WCT: You've done pretty much everything but is there anything left that you haven't done that you want to do?

LT: I guess that I'd like to do a new Broadway show that Jane would write—that's what I would really like to do, or just a show. I don't care where it goes. We say "Broadway" because that's like, "Well, when it's good enough, we'll take it to Broadway." That would be one of my wishes.

WCT: Will you write a book at some point? I mean, I know you've done most of your life onstage and Jane's written things for you.

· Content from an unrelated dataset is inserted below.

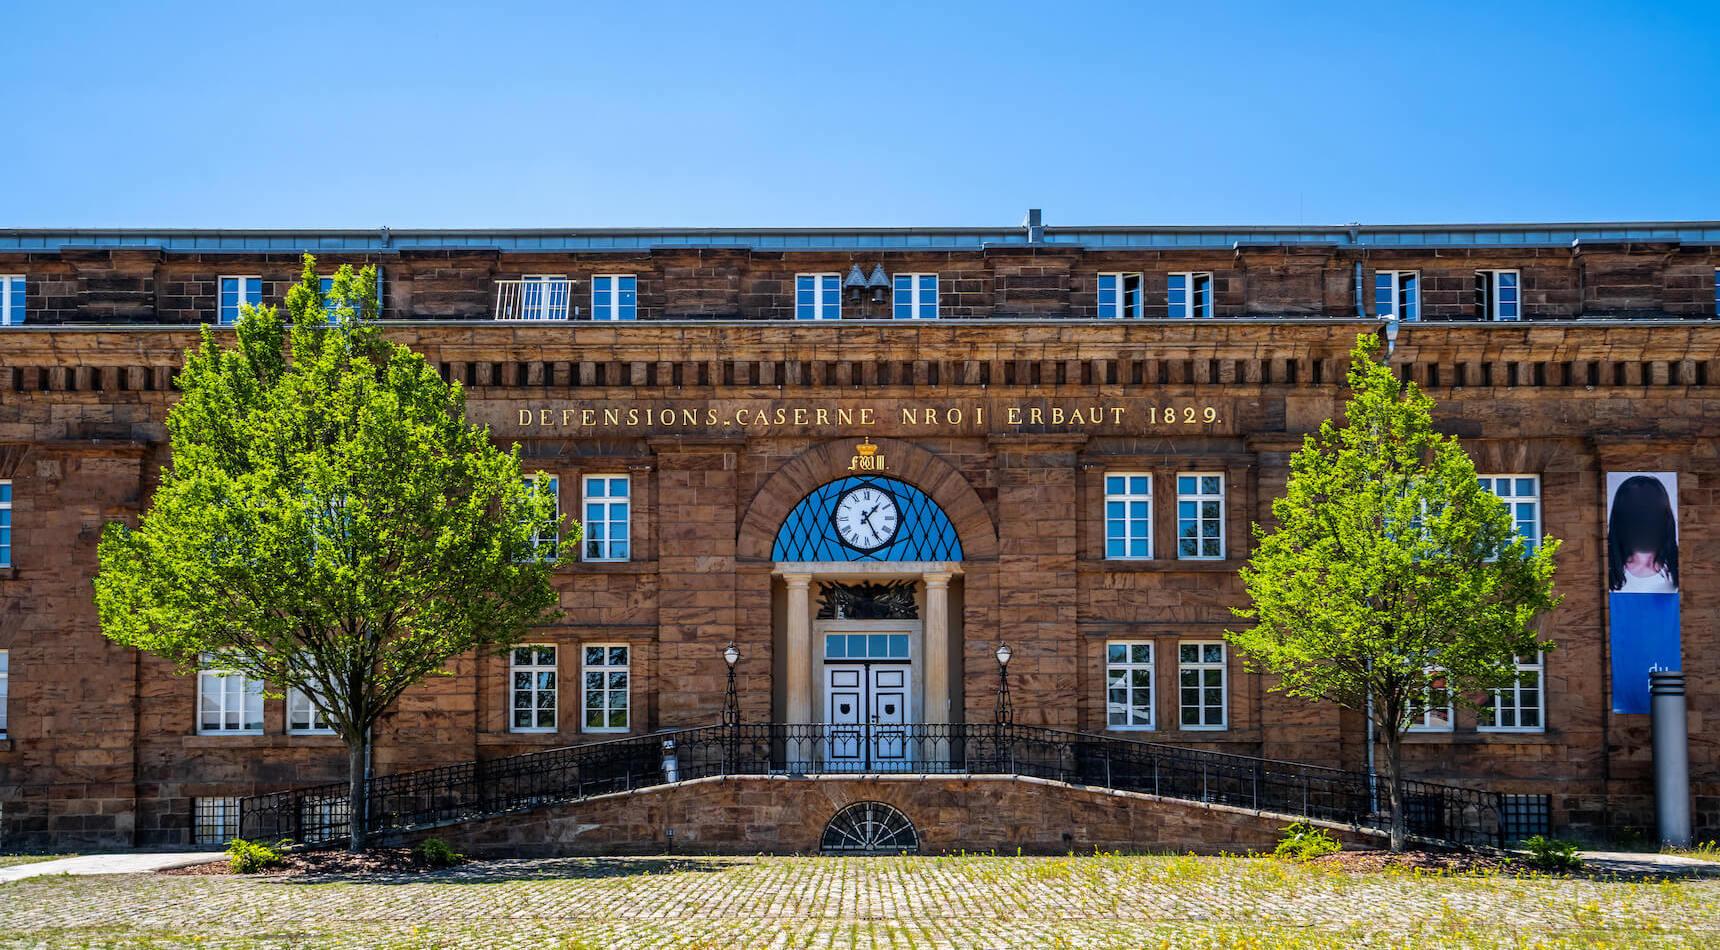 Immobilienmakler Rommelmann in Porta Westfalica im Kreis Minden-Lübbecke

LT: I don't know; we might. Only if we could think of a really funny, clever way to do it. You know lots of people have written wonderful books—Fonda included and Lauren Bacall. Some people are really good writers. Jane [Wagner] and I thought about writing like, you know, I'd write one half of the book and then you'd turn it over and she's written the other half.

WCT: [Laughs] A "she said, she said."

LT: Or else we might do it from the perspective of all the characters writing about it. Mrs. Beasley and Tommy Velour would have a chapter...

WCT: ...the Tasteful Lady.

LT: The Tasteful Lady would have a chapter. All these characters would have some sort of say about the kind of life they had with us.

WCT: I just want to again thank you so much for giving us so much pleasure.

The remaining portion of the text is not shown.